Are you funny? Is your nonprofit funny? How exactly do you get creative with writing content; whether it's in your emails, your subject lines, or your blog posts? If your nonprofit feeds the creative flame with passion and storytelling, you'll start getting somewhere. And you'll be a lot more likely to create that flame with humor.
We talked about this today at the Salsa Community Conference in the session: Getting Creative With Your Content. The room wasn't full, and when one panelist got up to speak, he had every intention of bringing more bodies into the room. He did so, creatively, by asking the audience to start clapping and wooing in excitement (over nothing). He told us to watch the door; we waited and cheered. At the sound of our cheers, about 5 more people meandered in. And then we got into the nitty gritty of content with Roz Lemieux, Michelle Frey, and John Hlinko.
You can't write with creativity and passion if you are writing for your organization, you need to write for your audience. You need to relate to your audience, be your audience. One way to do this is to check out where your audience is; what are they talking about? What hashtags are they trending? What is their local jargon? You may say Sustainable, they may say Green. You say tomato, I say tomahto. It is important to make sure you are using people's stories in their own voices to convey your message; to meet your audience where they are.

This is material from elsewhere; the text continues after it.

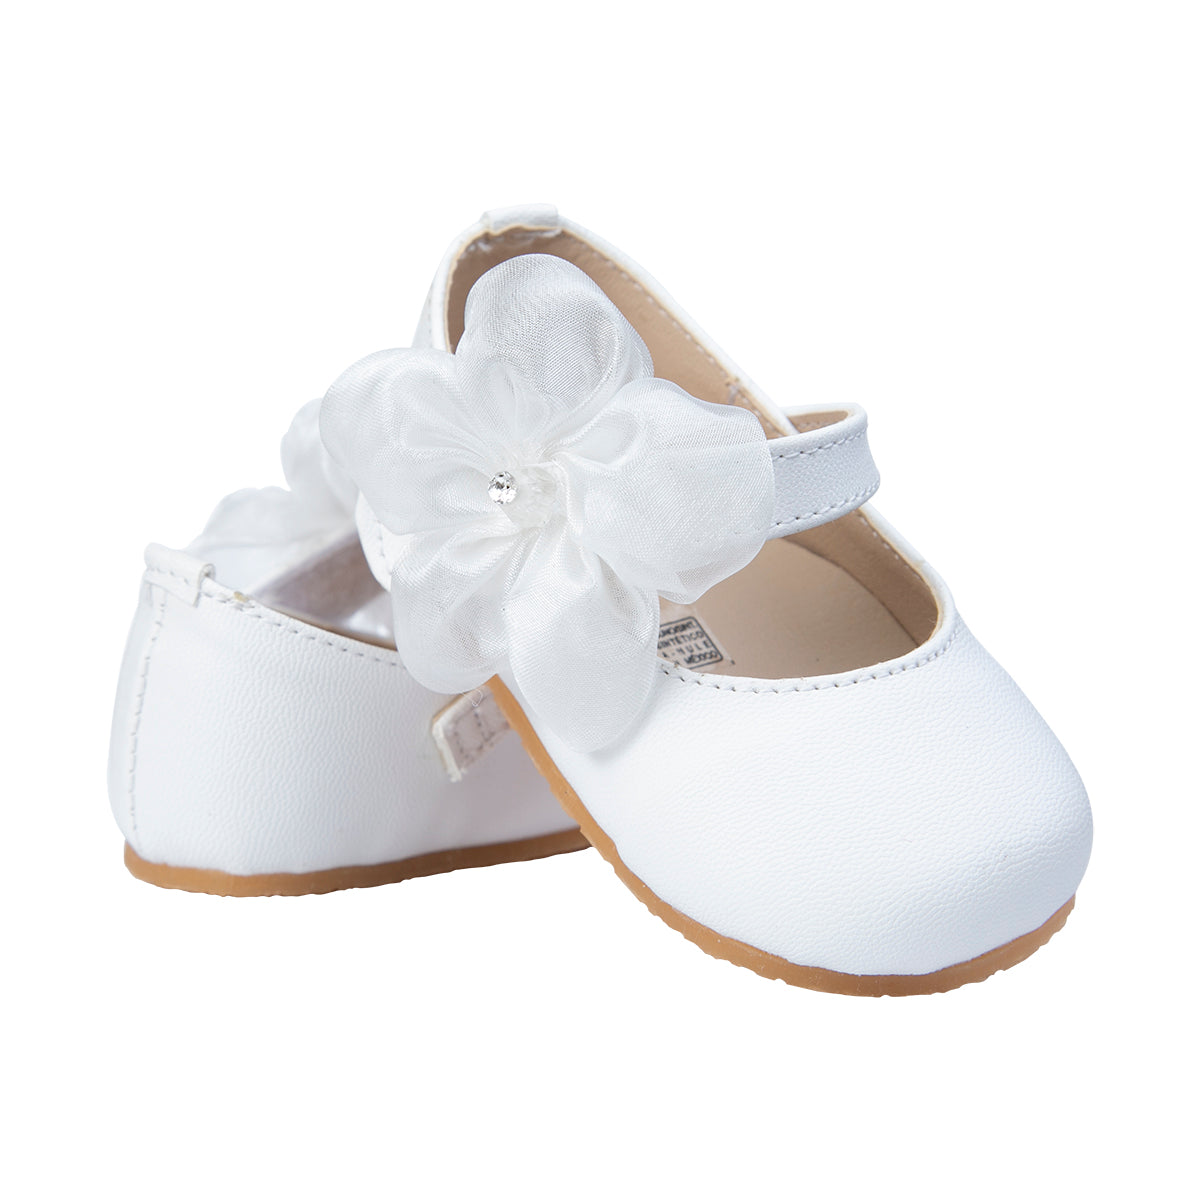 zapato bautizo nina blanco ceremonia bebe

Just how do you decide what hashtags are trending, and what keywords are most ideal for your audience? Roz Lemieux introduced a new tool that she's releasing next week that does just that. Attentive.ly says that it will "Turn your static email list into a dynamic online community by discovering the social media influence of your most connected contacts," with the slogan, "Listen. Engage. Attentive.ly."
How does your nonprofit listen? What tools or methods do you use to actively listen and engage? Maybe you use your subject lines to communicate what you've heard, and foster more engagement with your constituents. The best practice for finding the most efficient subject line is testing. Test, test, test. Test 5 or 6 different subject lines (some with humor, of course), and determine which gets the best reaction. Best does not necessarily consist of the most open rates, but take a look at open rates combined with click throughs, donations, etc. Where are people getting to your actions? If it's via your emails, then you're doing something right.
When the panelists were asked final sentiments about creating creative content, the audience was told: Pay attention and relate it back. How will you relate it back?